Comparing yourself to others is a pest. I’ve been fighting it for more than ten years. “Make the best out of who you are!”, I used to tell to myself. Yet, my mind kept on assessing the life of other women. Before I could be able to stop assessing, I found myself sad or even depressed that other women are much better in every single aspect of their lives or physically more appealing. In 2008, during one of my meditations, something miraculous happened to me. I started crying and my soul was overwhelmed with kindness as if I had been embraced by the divine grace. Happiness and self-content stepped into my life. After that moment, this automatic mental assessment still happened but I was able to stop it and replace it with the thought, “Each person is different.”
I was able to control my tendency to compare myself to others until the day I became a mother. My mind became more fragile than before. Comparing myself to other mothers became daily routine. I felt I did nothing right – my baby hardly touched the food, he did not sleep for an entire night. Other mothers seemed to have everything under control. I desperately started talking with my mother-in-law who very wisely pointed out to me that my baby has me as his mother and whatever I do, that is the best thing for him.
We are all wired to compare ourselves to others. Some of us enjoy measuring their results against other person’s results. And there are others whose benchmark is themselves one year ago or five years ago (http://tinybuddha.com/blog/stop-comparing-yourself-to-others/). Even for the latter group of individuals, comparison with others is a mental mechanism which has been built in us ever since the beginning of human kind and it springs from the competition between individuals.
Parents raise their children in the spirit of competition (http://www.psychologytoday.com/blog/the-creative-imperative/201108/killing-yourself-comparison). When you hear your parent bragging, “My kid is the best in class.”, you grow up fighting to stay on top. Or when you keep on hearing the disappointment of your parent, “Why can’t you get an A as Julie does?”, your self-esteem becomes flimsy.
Now when I am a mother myself, I have a double challenge: to stop comparing myself to other mothers and to raise my baby in the “find inspiration around you” spirit. Comparison may not be entirely erased since it’s so well printed in our genes. However, I do believe that it can be turned into the positive habit of getting inspired by the persons with whom we interact. This is what I want to teach my baby – to look for inspiration around him.
Staying on the negative side of comparing ourselves means living under the rule of jealousy, envy and anxiety.

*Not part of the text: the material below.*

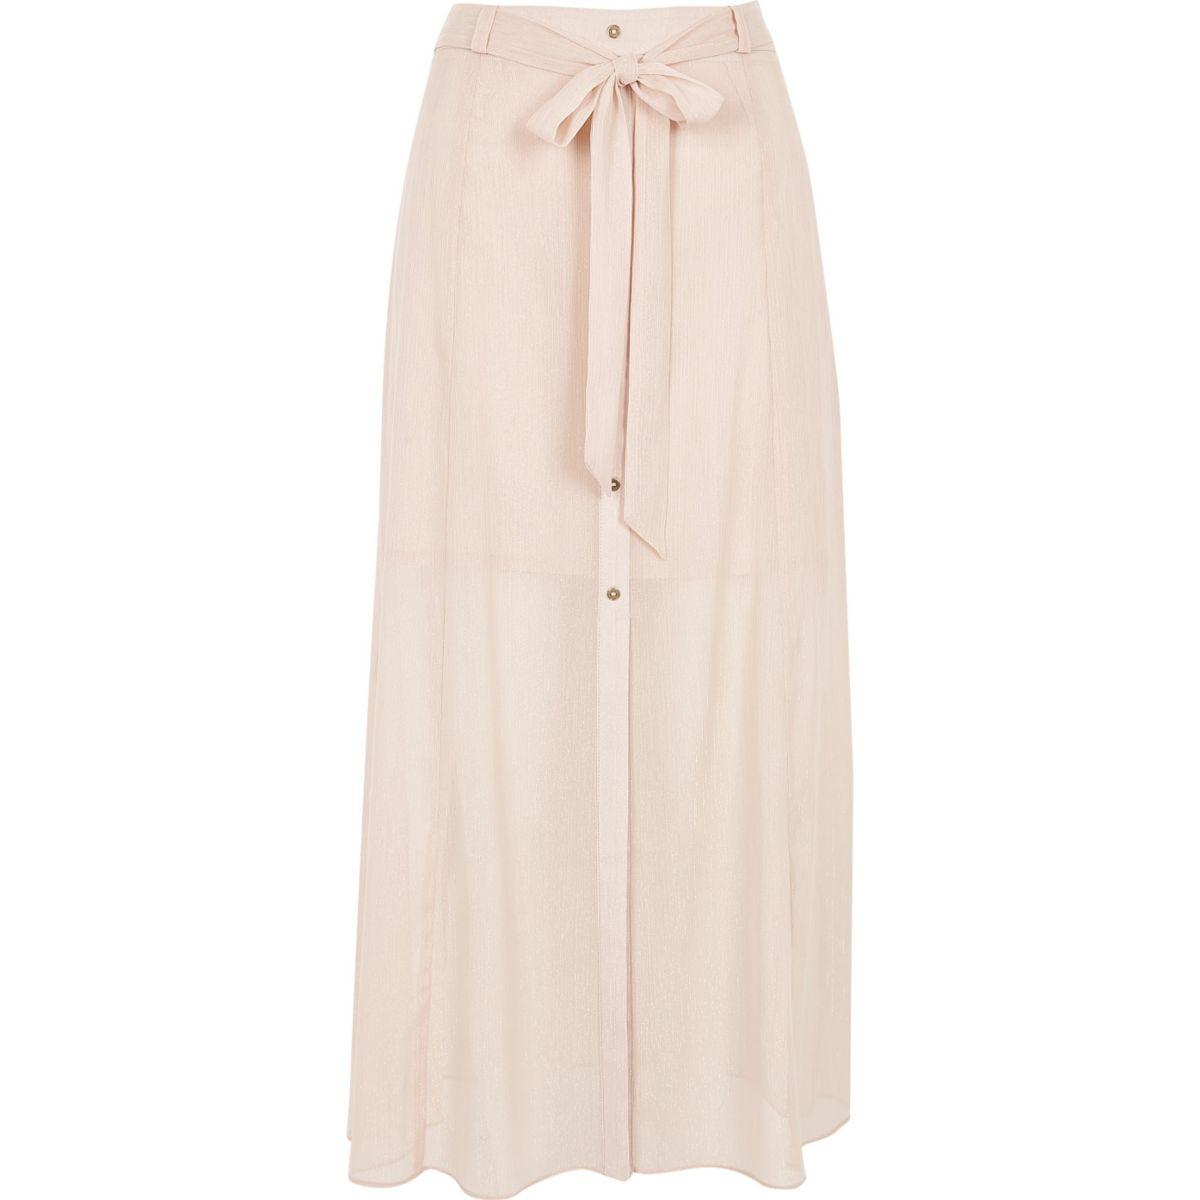 Light pink sheer button through skirt
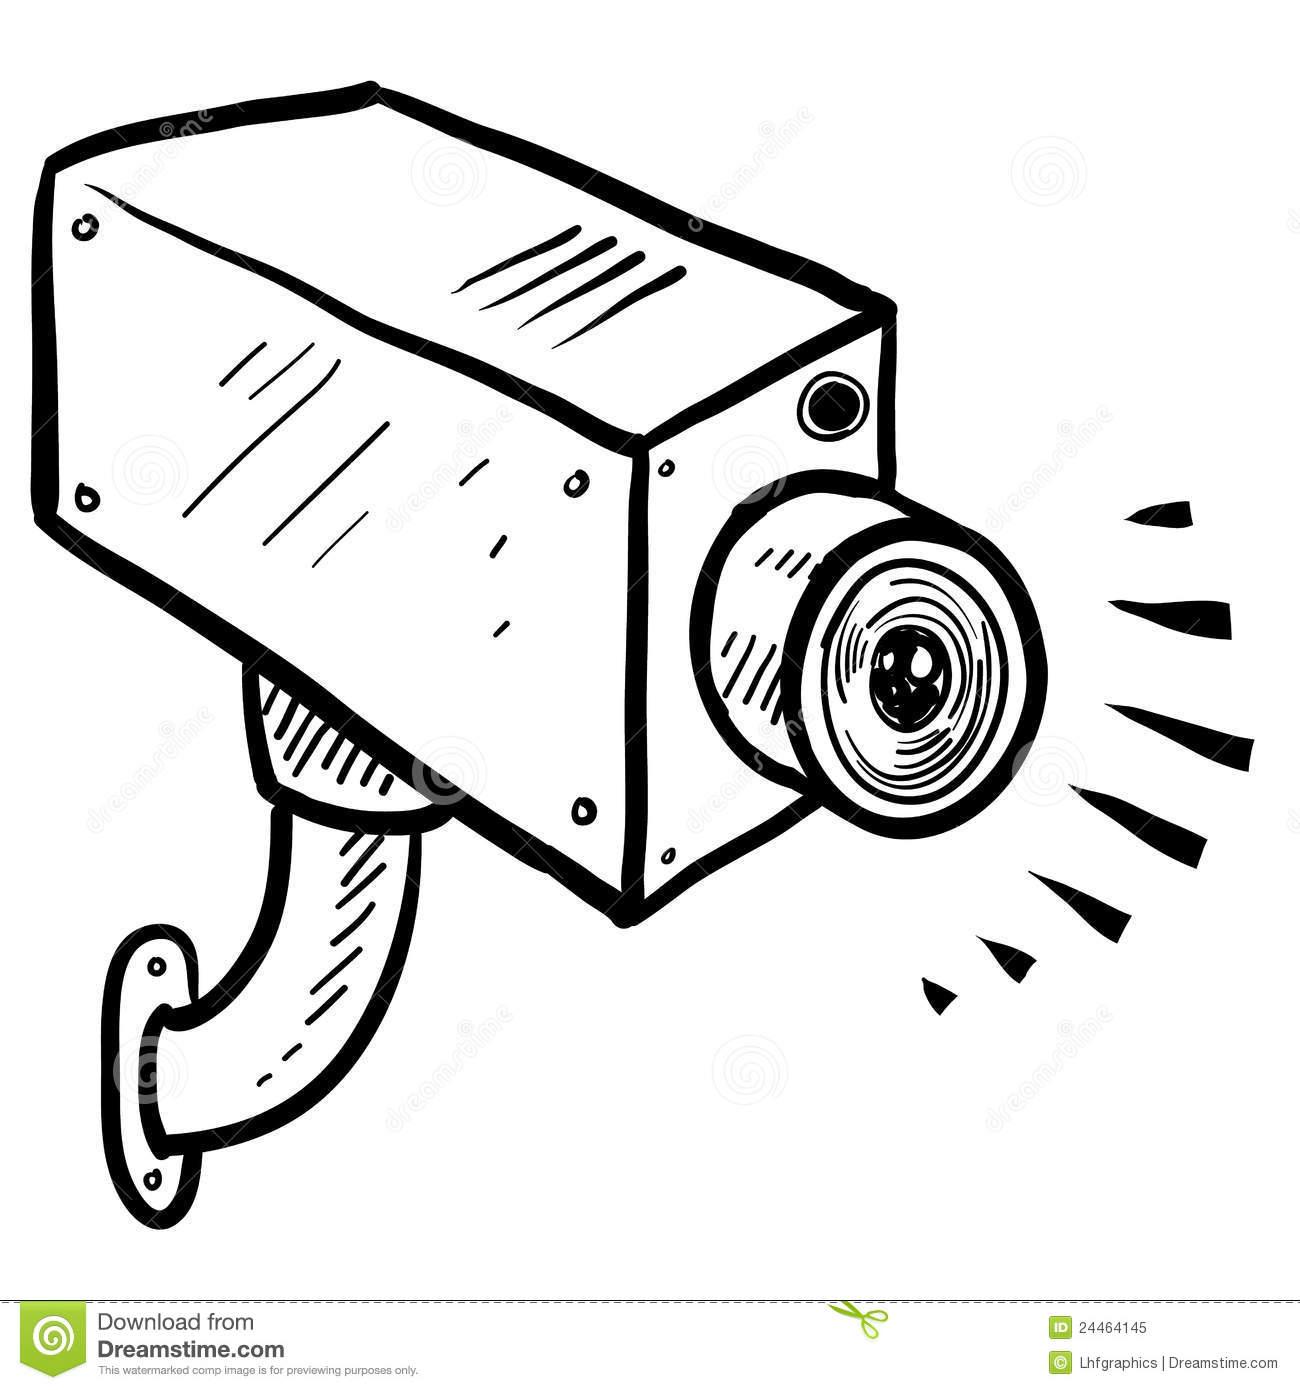 CCTV security camera sketch .

They can stifle all the creativity, like the creativity which comes from hearing stories of success. I am talking about stories which are not making headlines. They are stories of people very close to us – of our childhood friend, our room mate or why not, our grandmother. We have so many lessons of life to learn from one another, though we need to be careful to be authentic and not to imitate. For example, I find inspiring Michael Nobb’s story about how he stopped trying to follow in the footsteps of the artists he admired (http://www.sustainablycreative.com/dont-compare-yourself-to-others-just-get-on-with-your-important-work/).
Parents want the best for their children, they want their children to be happy and successful in life. If comparison has negative effects on our inner lives, why do parents raise their kids in a competitive/comparison state of mind in our modern society? Are the end results more important than the state of mind of our children?
The main culprit I could come up with is the educational system. I remember the feeling of victory when I used to get an A. There were only two or three other classmates who took the same grade. The rest were others who were not as good as us. The performance measured in grades resulted into an automatic comparison between myself and the others. Later on, when I competed for the study right at the university, it turned out that the grades from the previous years were one of the criteria for admittance. I can only conclude that the design of the educational system supports the negative side of comparison with others. How can I help my child not get brainwashed by this kind of performance measurement of pupils/students?
Focusing on your talents and desires is a possible mission in life. We come into this world endowed with one or more talents and it would be a shame not exploiting them. The subjective experience of cultivating your talents is more important than the objective measurement of the results. In addition, if we can learn the lesson of cooperation, we may reach amazing results – both subjective and objective. Cooperating on projects of similar interests is the best way to personal and professional development. Great ideas come from talking and working with people. If you find your true calling, you’ll find your place in the competitive society more naturally.
Last but not least, I’ll be talking to my child about the importance of being humble, which is the prerequisite for staying on the positive side of comparison with others. At the end of this life, we are all going to die. The least we can do is to make it our own way through life.